There are hundreds of thousands of foreigners working and living here and I sometimes get the surreal feeling that I'm a stranger in my own land.

I feel it most when I'm at Great World City or Tanglin Mall over the weekend when it is packed with Westerners, or Little India on Sundays when foreign workers from India and Bangladesh congregate. As a Singaporean I feel outnumbered.

Of all the foreigners here, I am the least comfortable with Caucasians - I don't really know how to relate to them.

It's puzzling, really.

I'm at home with the English language that many Caucasians speak.

I'd friends in school who were half-Caucasian - I even went out with a boy whose father was Australian.

I've an aunt who married an Australian and cousins who married Caucasians, or ang moh as we call them (red hair, literally in Hokkien).

Goodness, my sister married one, too, making my beloved niece and nephew half-ang moh.

I have Caucasian colleagues and we have no problems getting along.

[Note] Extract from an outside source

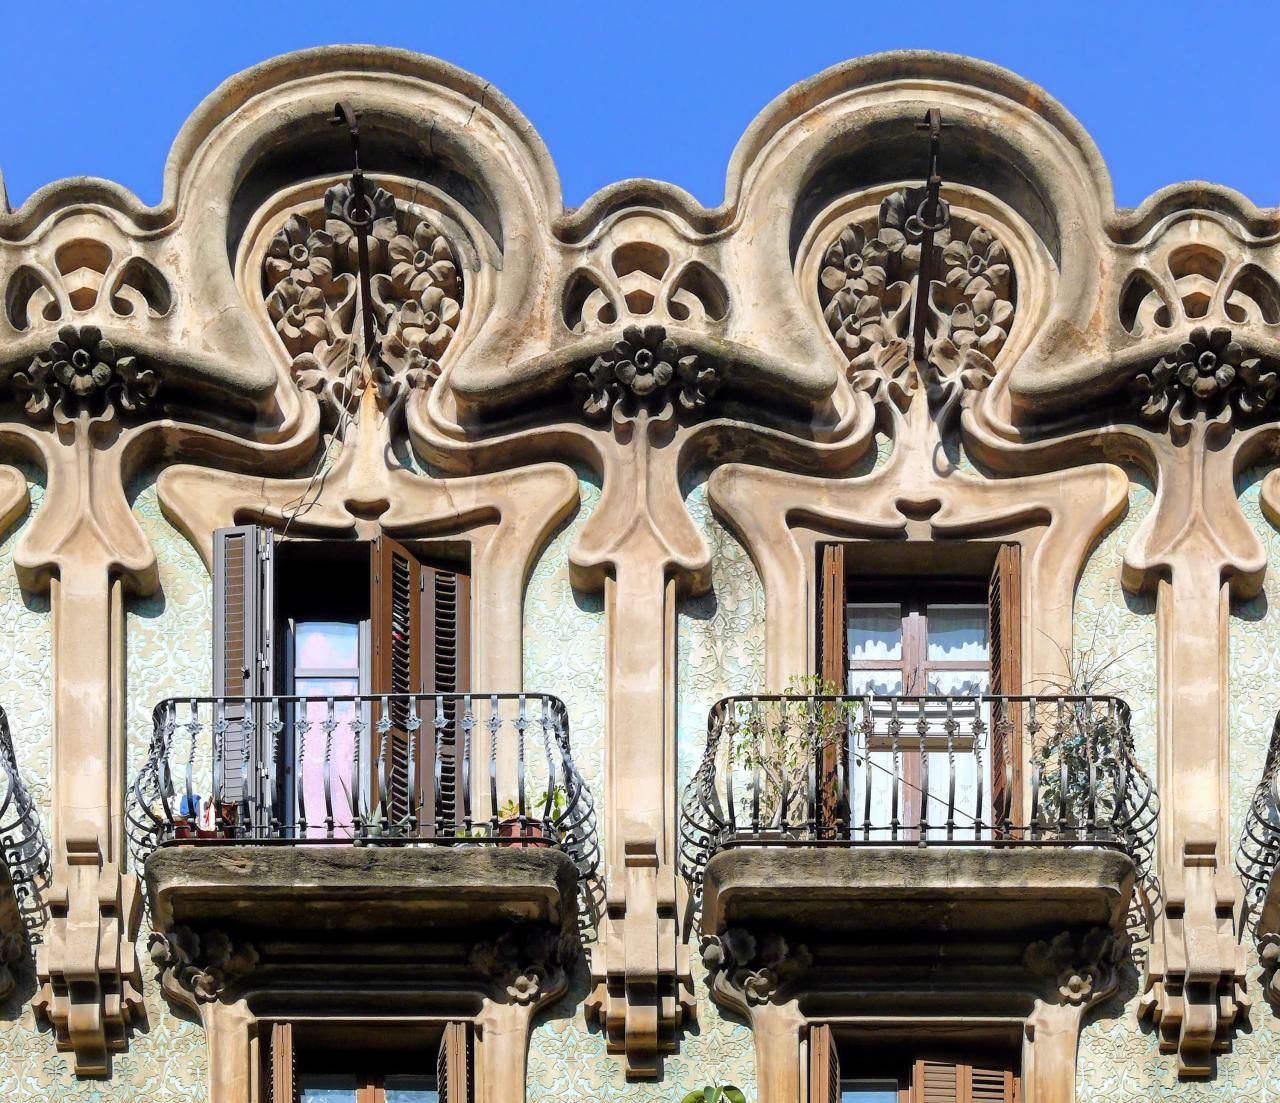 Традиции модерна. Гауди Модерн в архитектуре. Архитектура Гауди в Барселоне. Модерн/ар-нуво/югендстиль стиль в архитектуре. Ар нуво во Франции архитектура.

If I were someone born in an earlier era, you might attribute this discomfort to a hangover from colonial days. It's a curious condition where one suffers from either an inferiority or a superiority complex towards whites, sometimes even both at the same time.

But by the time I came into the picture, Singapore had already shrugged off its British colonial past and so I don't carry that baggage - I think.

Yet why is it that I don't feel as comfortable with Caucasians as I do with, say, Indians or Indonesians?

Is it language? That because English isn't my mother tongue I think I can't speak it as well and so lack confidence in their presence?

Is it because I've watched too many Hollywood shows and read too many Western magazines that my definition of beauty has become bound by Caucasian standards, and because I don't meet the blonde-hair, blue-eyes ideal, I don't feel attractive enough in their presence?

Or could I actually be harbouring lingering anti-colonial resentment?

Or is it simply that I haven't known enough Caucasians to feel at ease?

When I meet an Indian from India, for example, I instinctively feel comfortable because I have many Indian Singaporean friends (the irony, of course, is that the Indian from India might not reciprocate my feelings, not having grown up with the Chinese).

Or could my discomfort be that there are so many 'types' of Caucasians - Americans, Australians, Brits, New Zealanders - all with their own codes of behaviour that I don't even know where or how to begin to communicate?

Or maybe their tendency to insist on their rights scares me?

As a Caucasian colleague herself notes: 'Caucasians take things so personally and the 'I am an Individual' schtick must be a pain to deal with if you come from a culture of doing things collectively and not making people look stupid in front of others.'

Whatever the case, I do realise that the loss is mine.

If only I weren't so wary, I'm sure there are friendships to be made.

IT'S one of the sad facts of life that there will always be people who believe in a hierarchy of race - and they don't even necessarily place their own at the pinnacle.

Most of the time, people keep a lid on their prejudices, but when under stress will lash out at those they have the least common ground with.

But race is a complex thing. While being too dissimilar can bring problems, so can being of the same race.

Take the way Chinese Singaporeans view the Chinese from China.

Twenty years ago when China was impoverished, many Singaporeans either took pity or looked down on their mainland cousins.

Ten years ago when they started coming here in droves, especially the women, Singaporeans started resenting them.

Now, with China prospering and the Chinese making billionaire lists, the tide has turned. They are admired, feared and even envied.

So what is to become of Singapore as more foreigners make their home here? Will society change and will race be an issue?

Given how so many Singaporeans buy into multicultural tolerance, my bet is on how it won't, although the concern about whether foreigners are taking away jobs from Singaporeans is another matter.

Every once in a while, tempers will flare and base thoughts will flash in people's heads. I've no doubt that the motorist last week saw me as a 'stupid local'.

But in the end, that run-in - like so many quarrels between people of different races, or even the same - wasn't about race.

We were just two stupid motorists, from the same human race.